Possible Scenarios for Using Schemas

We can now answer questions about how to use the upcoming property‑graph schema tool, as illustrated by the dependency diagram.

Can we use fewer schemas (no pre‑defined schema)? Yes, provided “smart ingestion” is in place.

Can we start with the schema? Yes.

The minimal requirements for a workable schema are the ability to specify schema details as property‑graph types; other areas can be covered by the schema language as needed.

Do we need to define a business‑term dictionary? Not necessarily; other questions do not require it.

How can we create a business‑concept model simply? By mapping to standard concept and relationship types, naming basic dependencies that become discriminators for attributes and relationships, and optionally providing business‑friendly heuristics such as visualizations.

Can we use a “schema‑last” approach? Yes—the design focuses on lifting schema details from the physical solution to the logical solution and then to the business‑level.

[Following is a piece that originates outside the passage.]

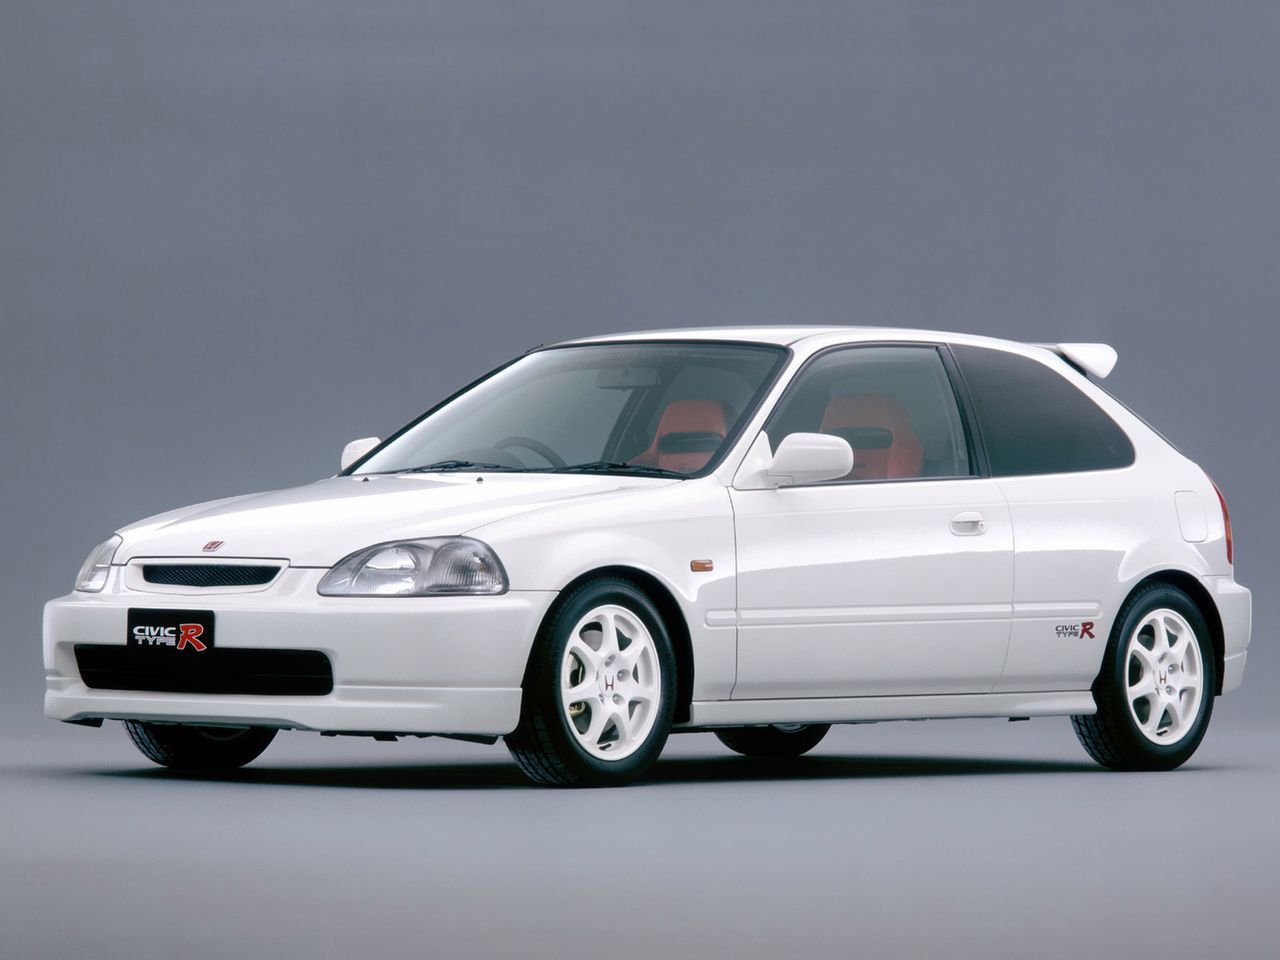 1997 Honda Civic Type-R (EK9)

Handling Complexity and Contradiction

The forthcoming property‑graph schema standard is complex and contains many contradictory issues; it serves as a scapegoat to demonstrate the most important part of a comprehensive architecture. Starting from a four‑quadrant, full‑scale data‑architecture meta‑framework provides a solid architectural foundation that can act as a schema language across many contexts and development styles.

I thank Ronald Damhof, Martijn Evers, and other members of the full‑scale data‑architecture community for sharing their ideas and experiences.